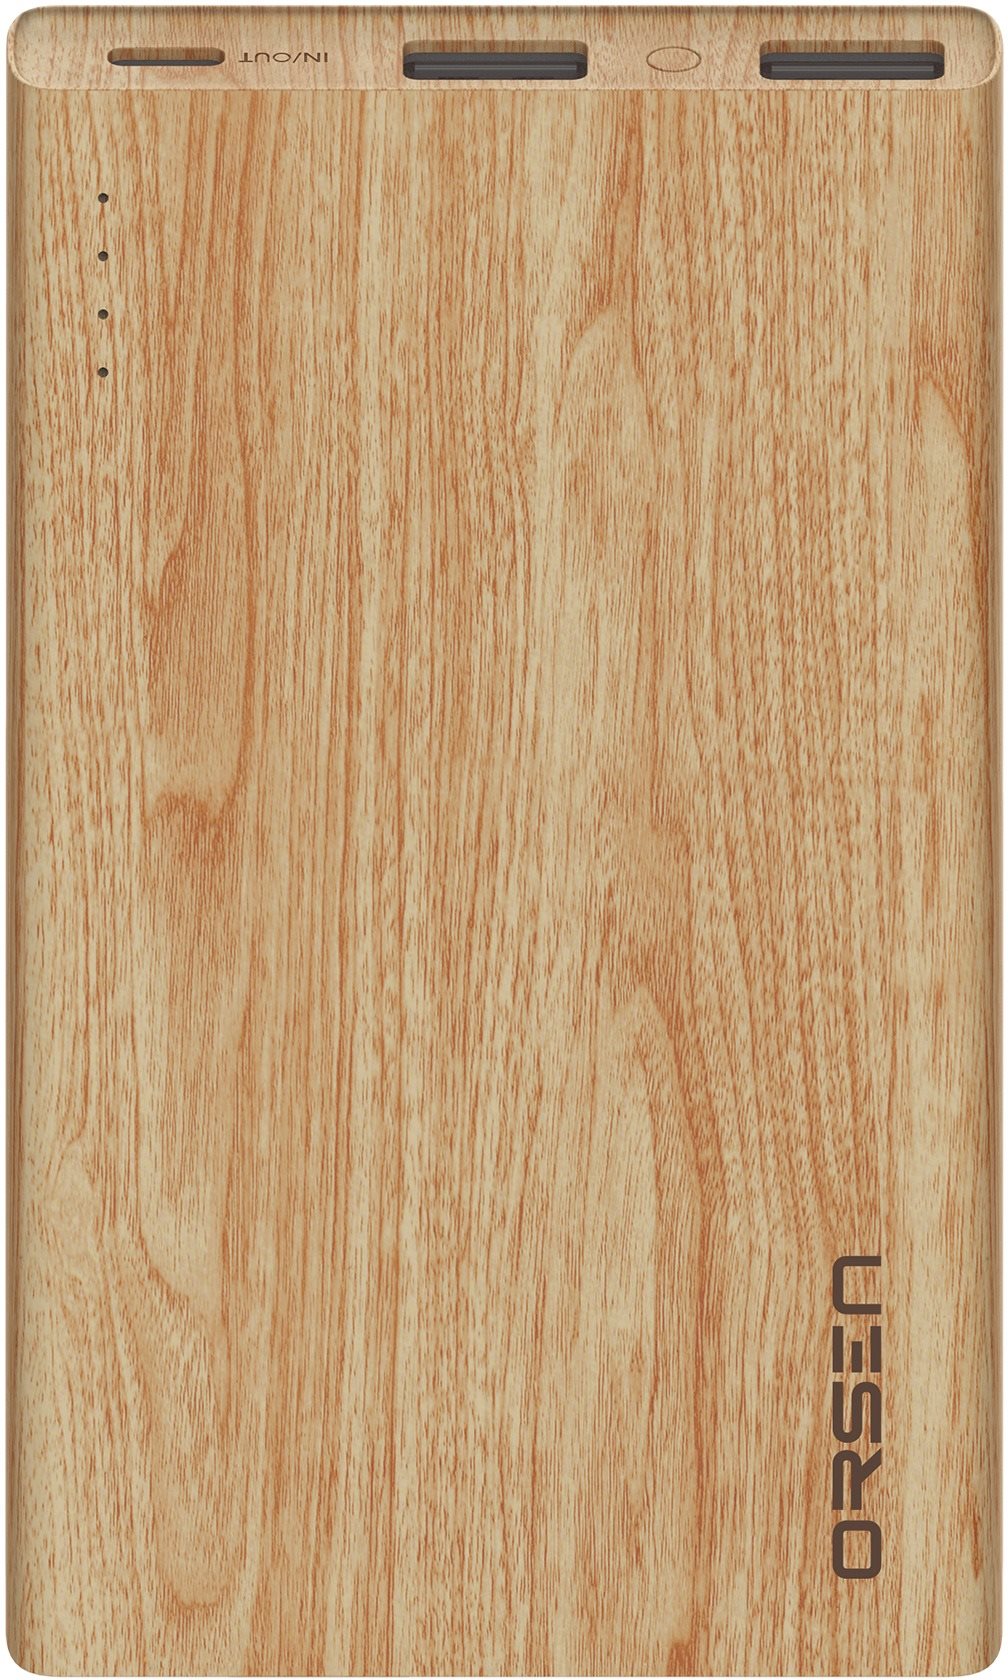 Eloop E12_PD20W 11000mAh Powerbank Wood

==

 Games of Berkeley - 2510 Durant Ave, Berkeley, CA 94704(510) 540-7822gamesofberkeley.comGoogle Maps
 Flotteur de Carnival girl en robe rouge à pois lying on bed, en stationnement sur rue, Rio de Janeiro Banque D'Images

* * *

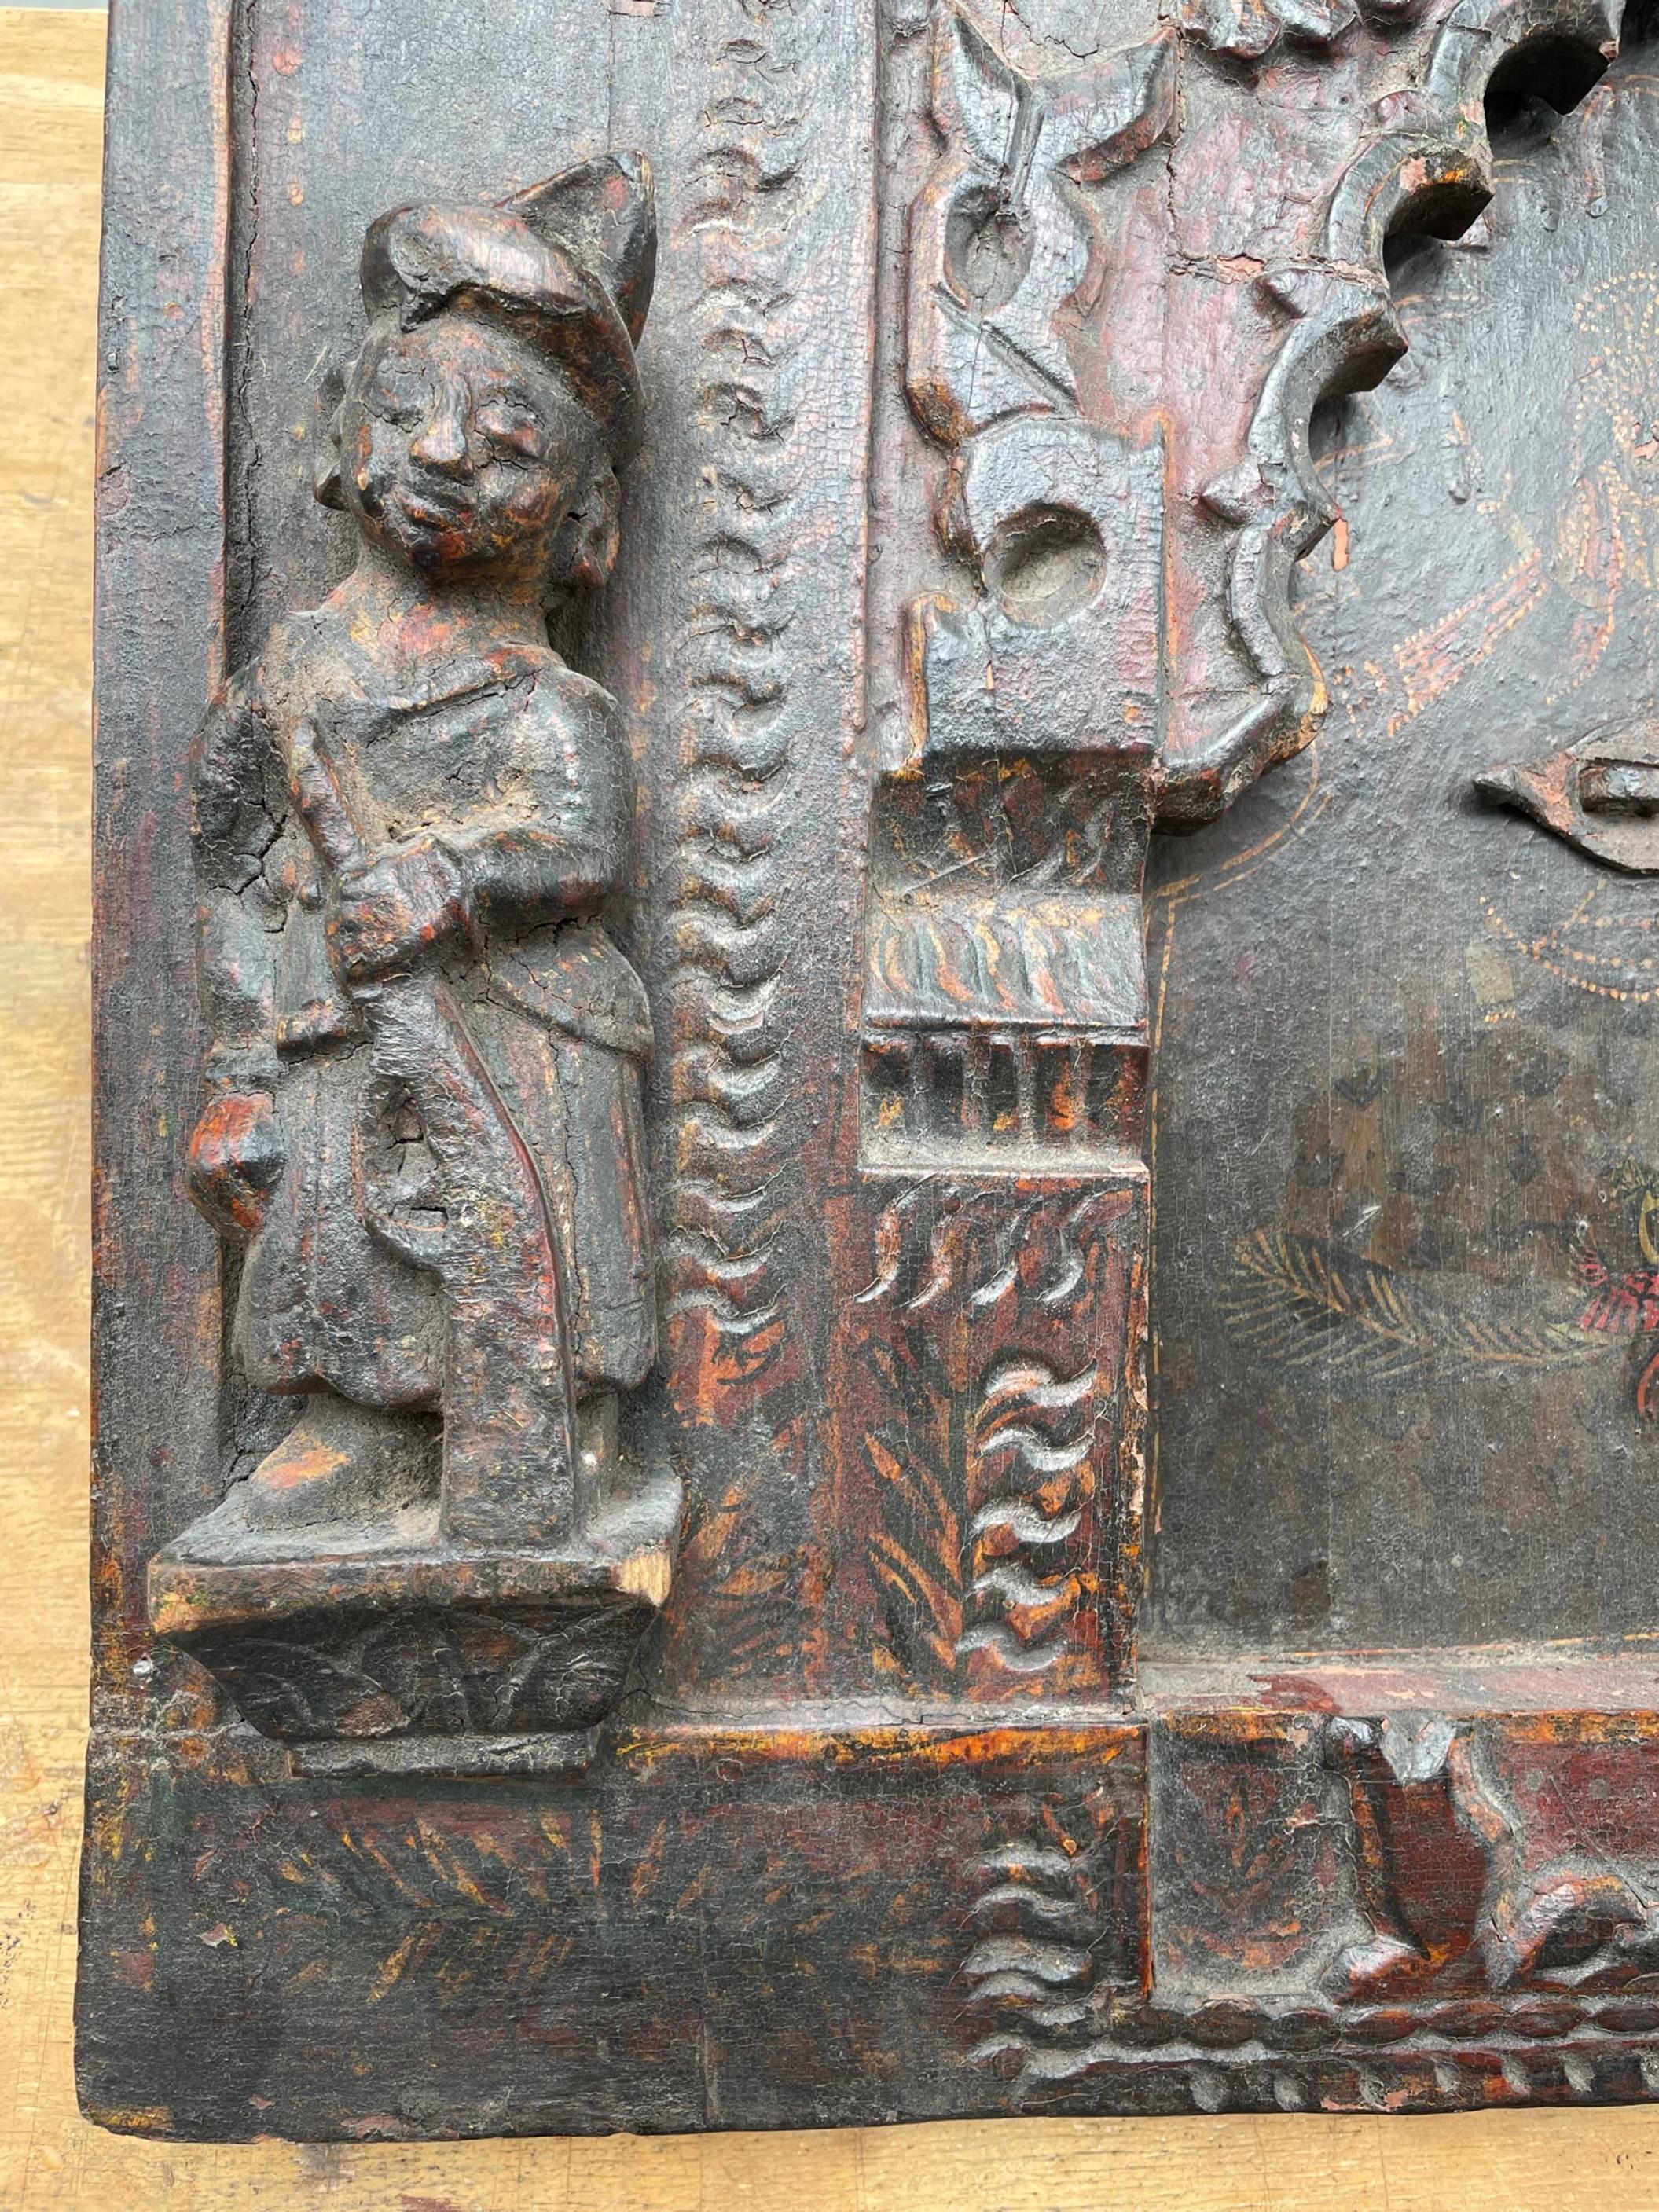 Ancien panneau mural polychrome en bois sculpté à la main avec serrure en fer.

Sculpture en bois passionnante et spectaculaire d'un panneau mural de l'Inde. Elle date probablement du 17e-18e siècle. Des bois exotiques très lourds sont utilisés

_BRIEF:_
Beginning with the line that contains "Ancien panneau mural", write out the lines of the material above exactly, and end with the line that contains "Sculpture en bois". Omit the pictures.

_SOLUTION BELOW:_
 Ancien panneau mural polychrome en bois sculpté à la main avec serrure en fer.

Sculpture en bois passionnante et spectaculaire d'un panneau mural de l'Inde. Elle date probablement du 17e-18e siècle. Des bois exotiques très lourds sont utilisés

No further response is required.